START Dataset section

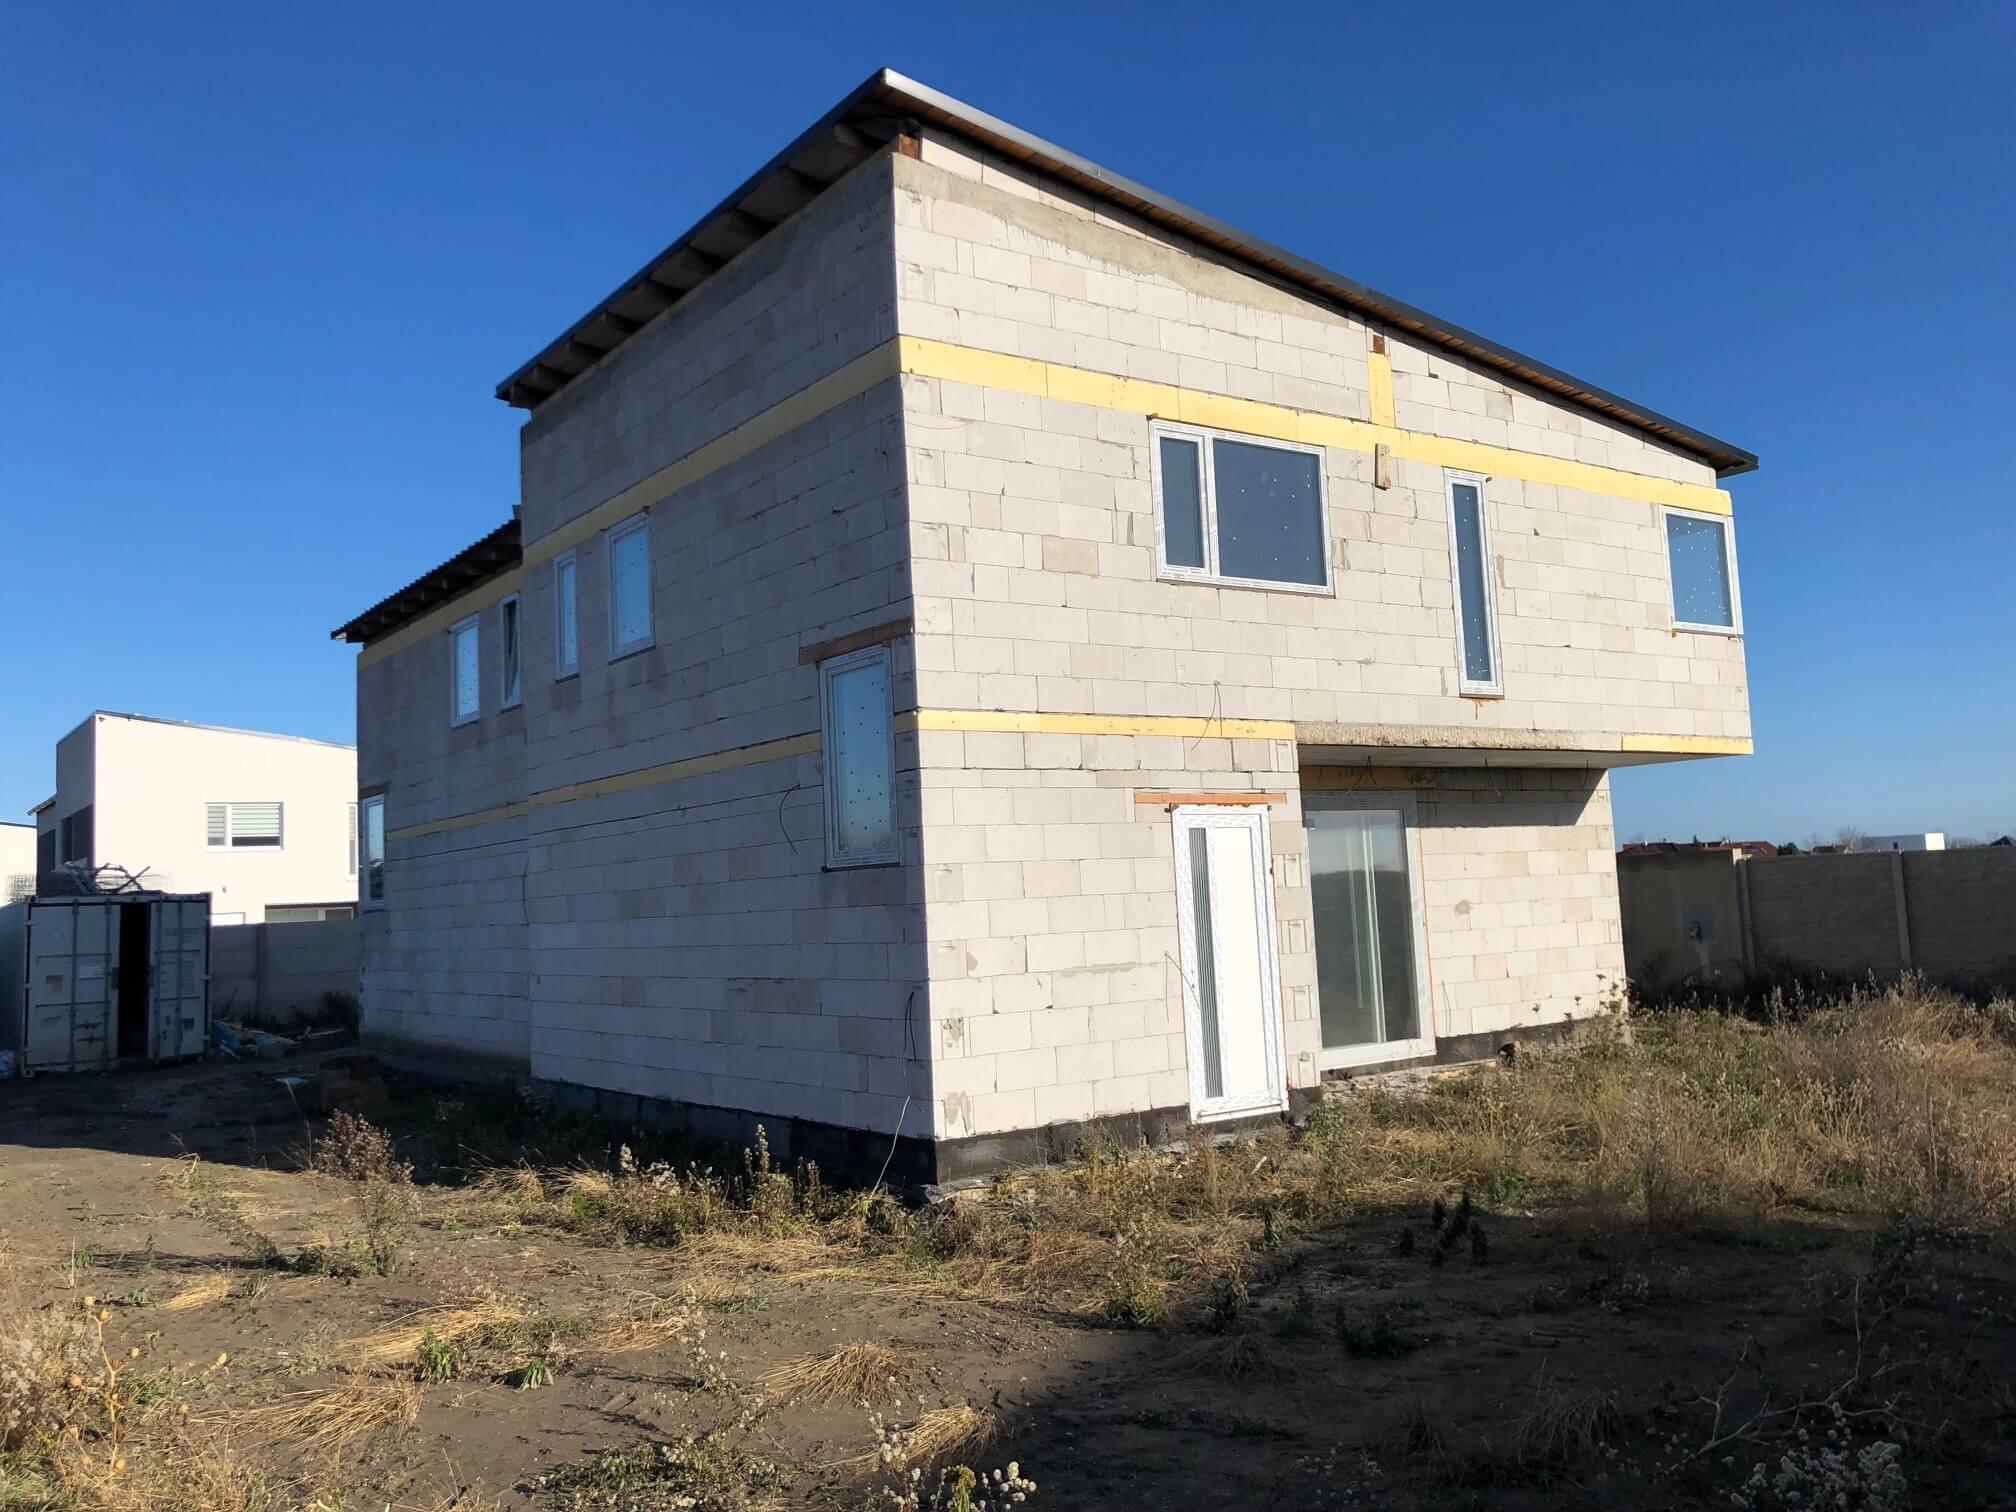 Predané: RD s 2 bytovými jednotkami, Novostavba v Dunajskej Lužnej, 2X: 4 izbový,pozemok 422m2,úžitkova 106m2-6
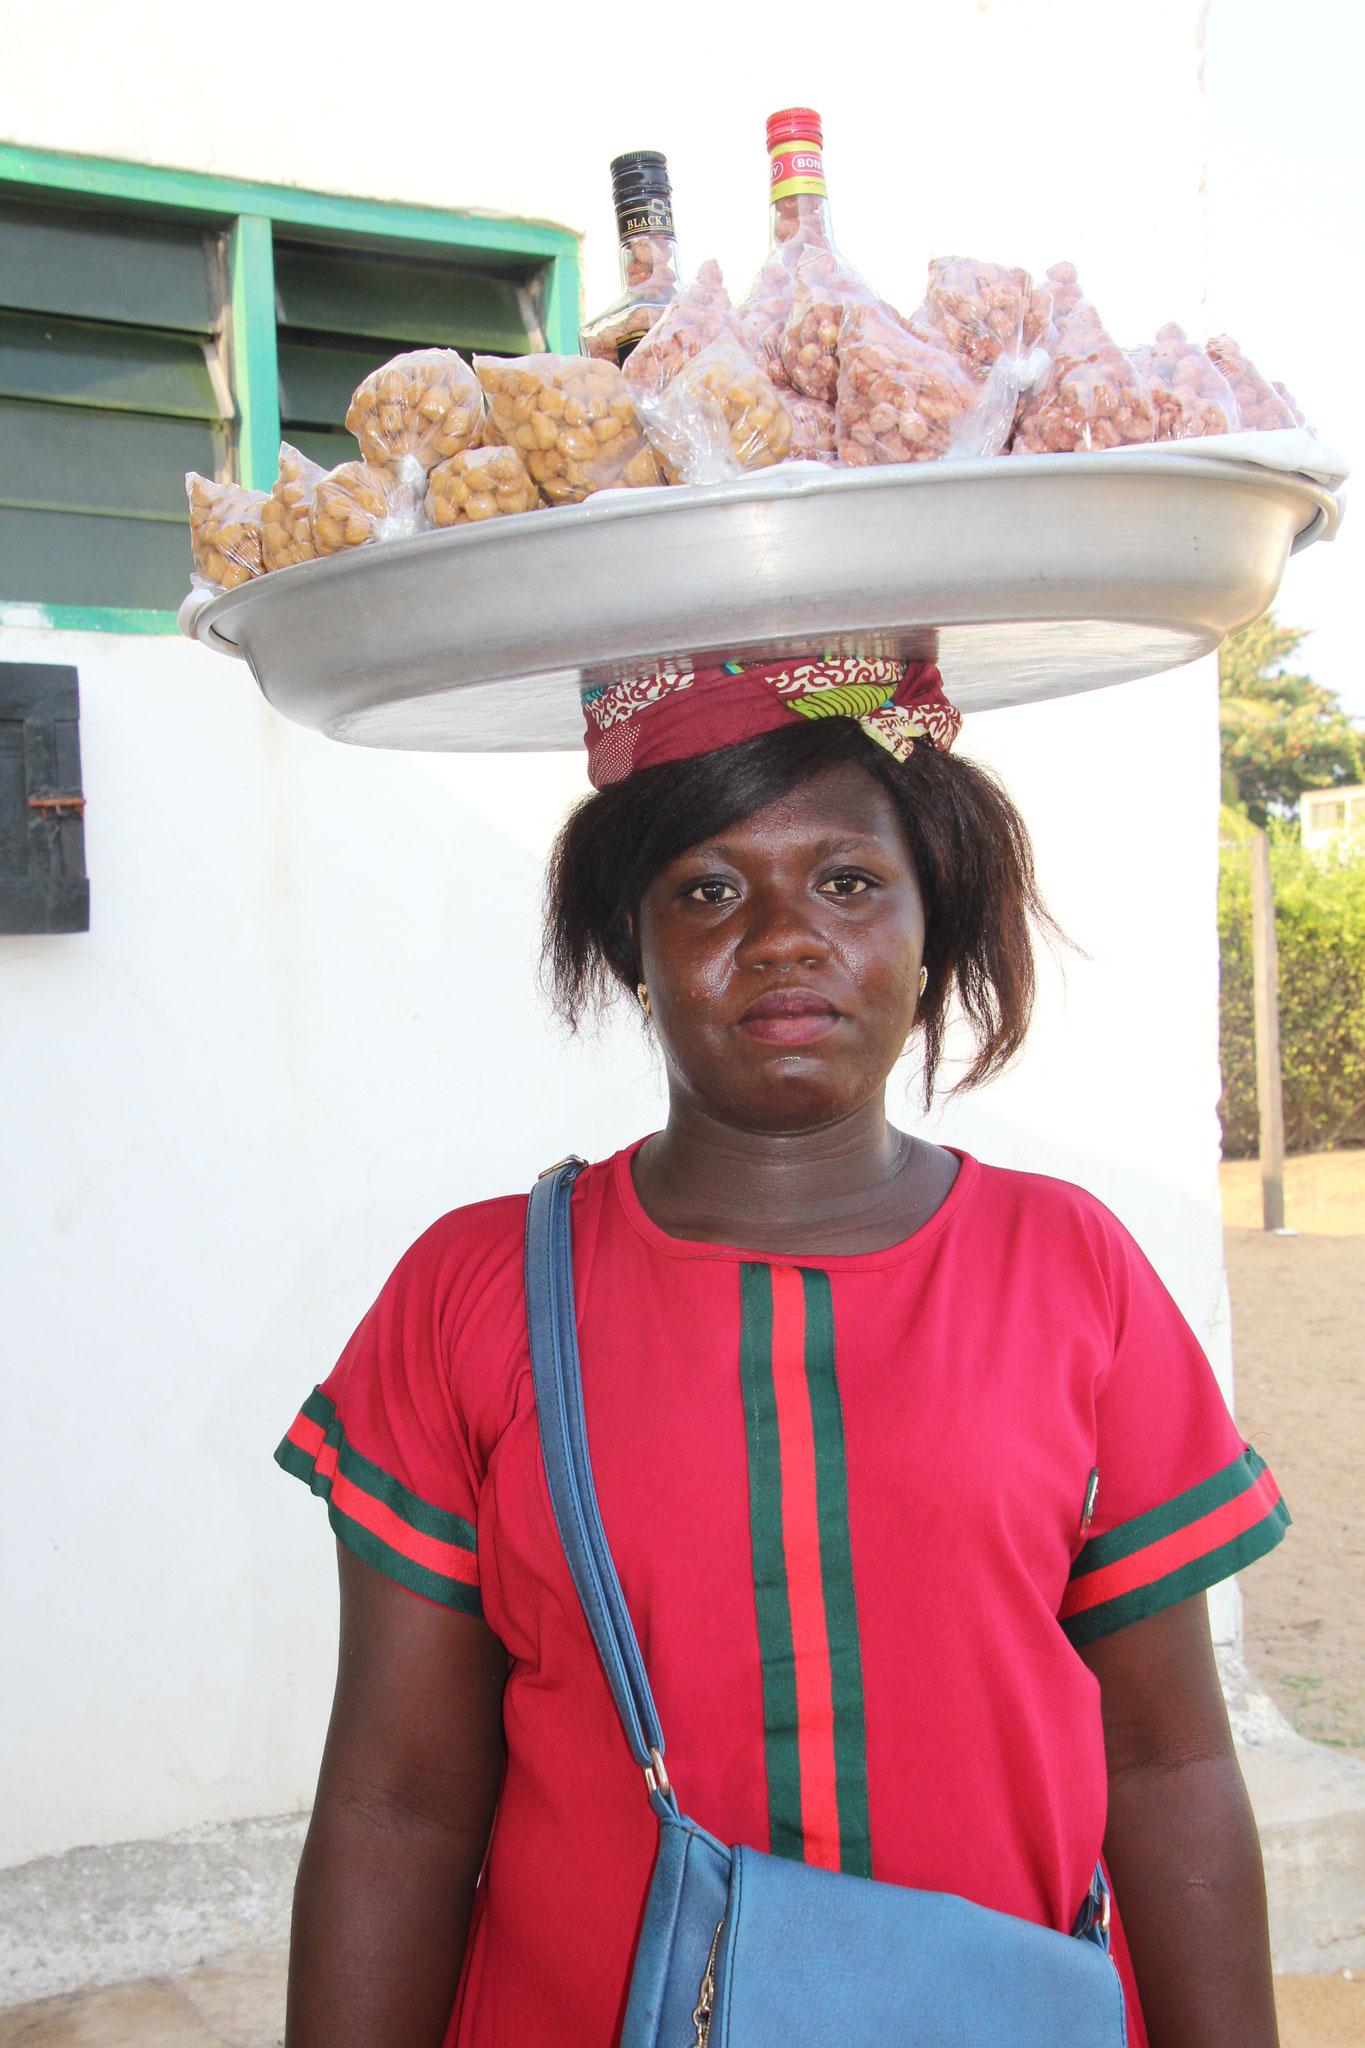 20. Sie verkauft gebrannte Erdnüsschen .
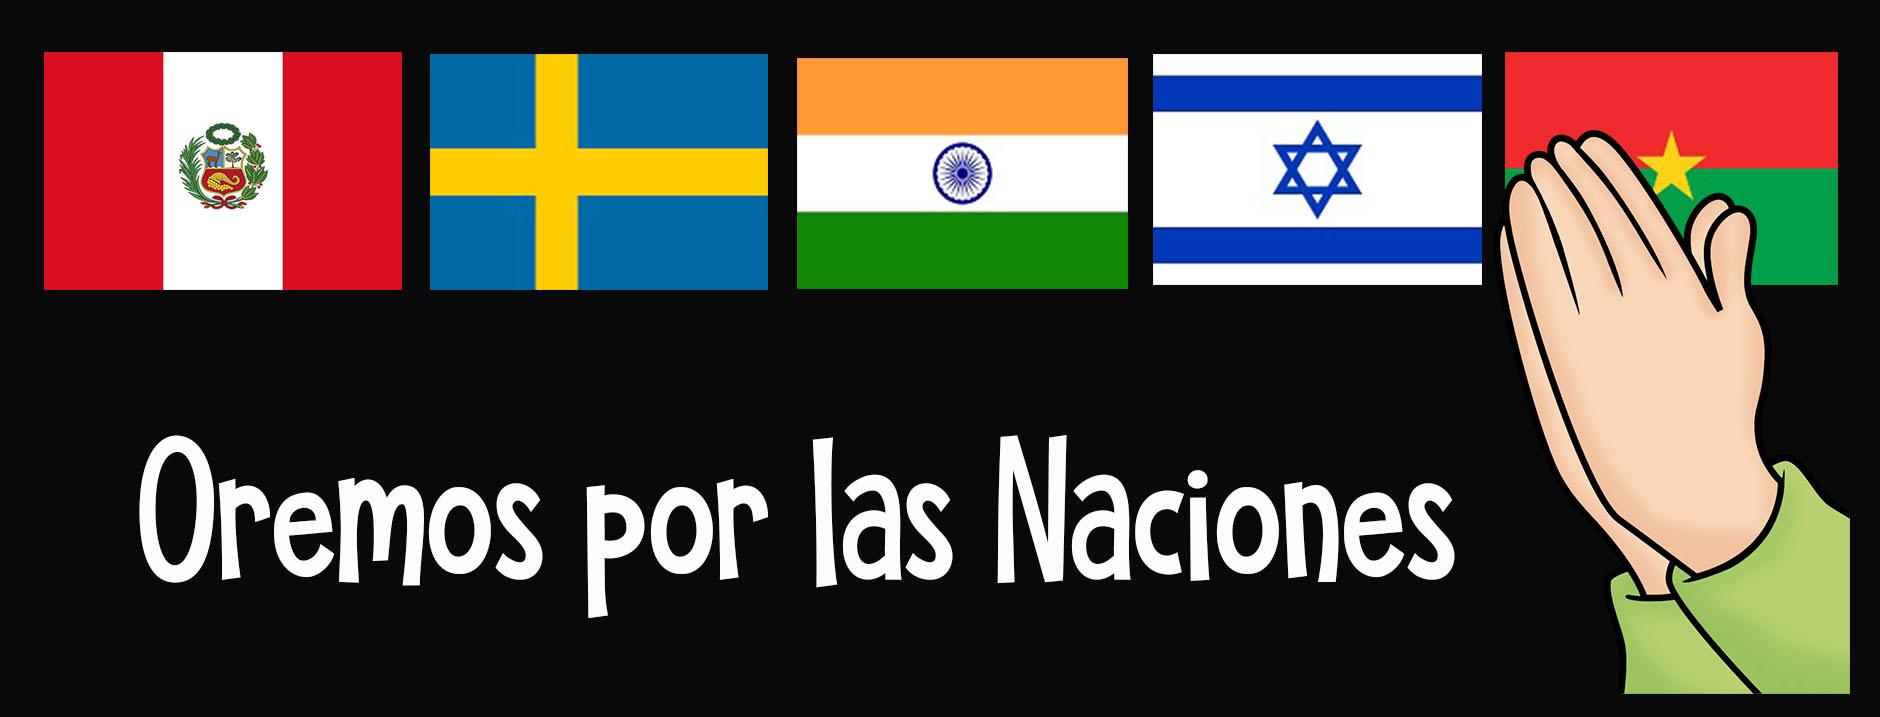 Oremos por las Naciones
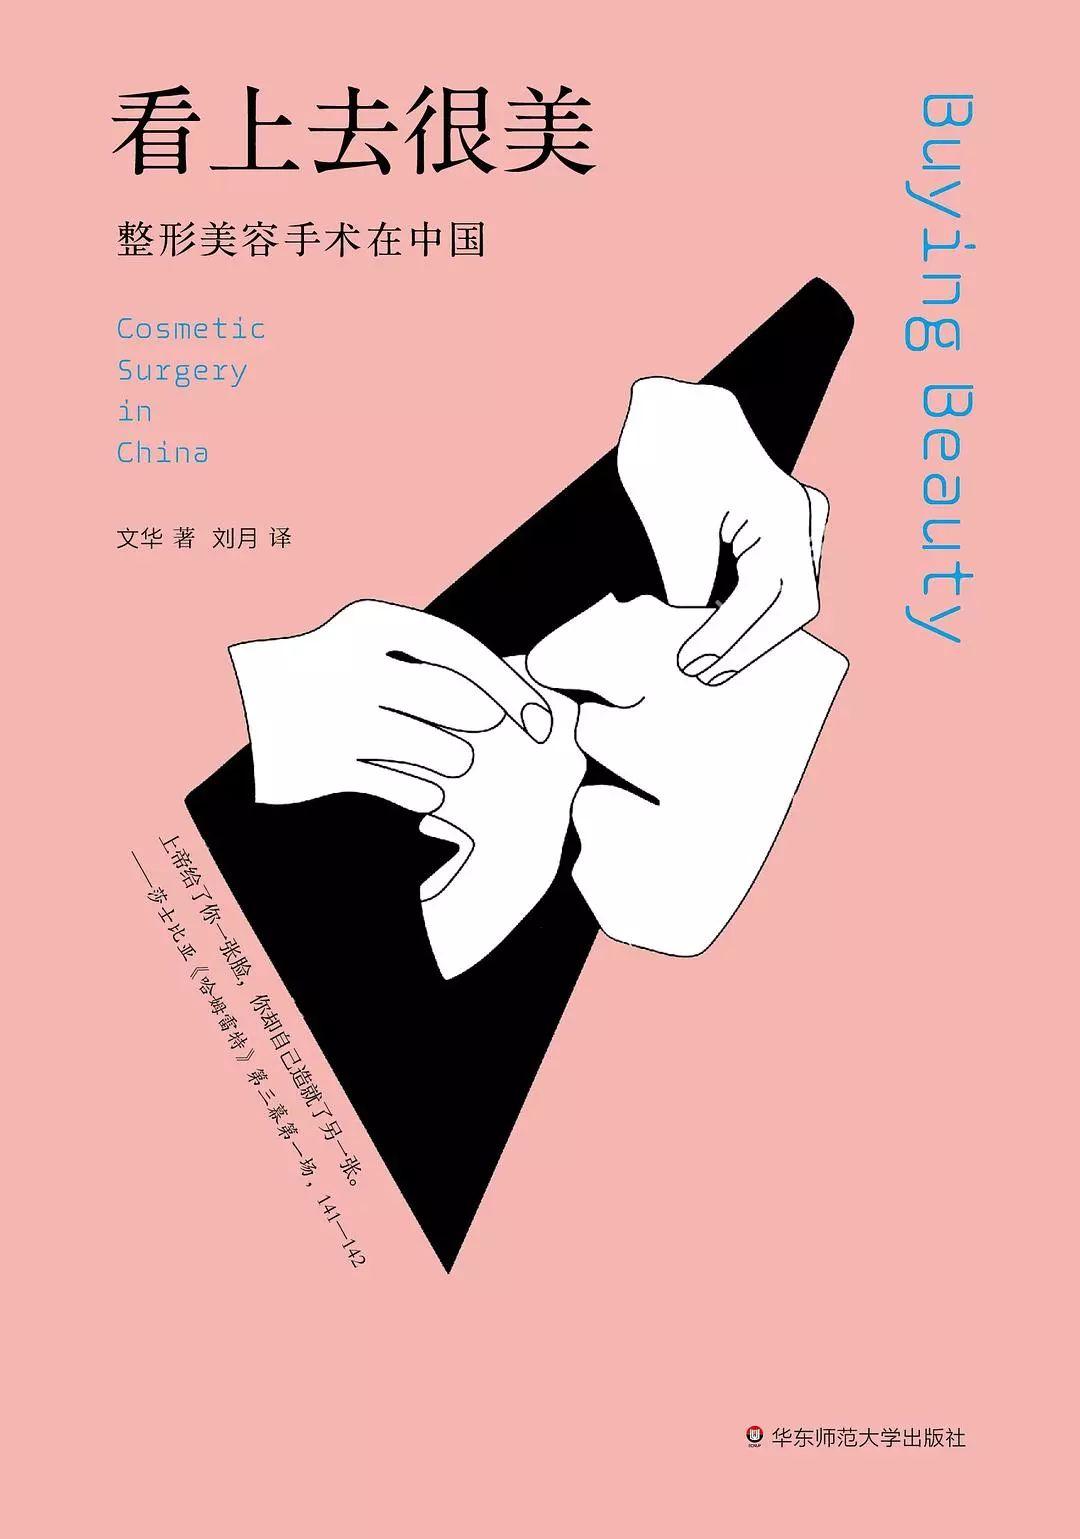 麒麟城娱乐:从人造美女到网红滤镜:中国人

END Dataset section

[Prompt]
Word for word, give the listing above again, but drop any pictures.

[Task result]
 Predané: RD s 2 bytovými jednotkami, Novostavba v Dunajskej Lužnej, 2X: 4 izbový,pozemok 422m2,úžitkova 106m2-6
 20. Sie verkauft gebrannte Erdnüsschen .
 Oremos por las Naciones
 麒麟城娱乐:从人造美女到网红滤镜:中国人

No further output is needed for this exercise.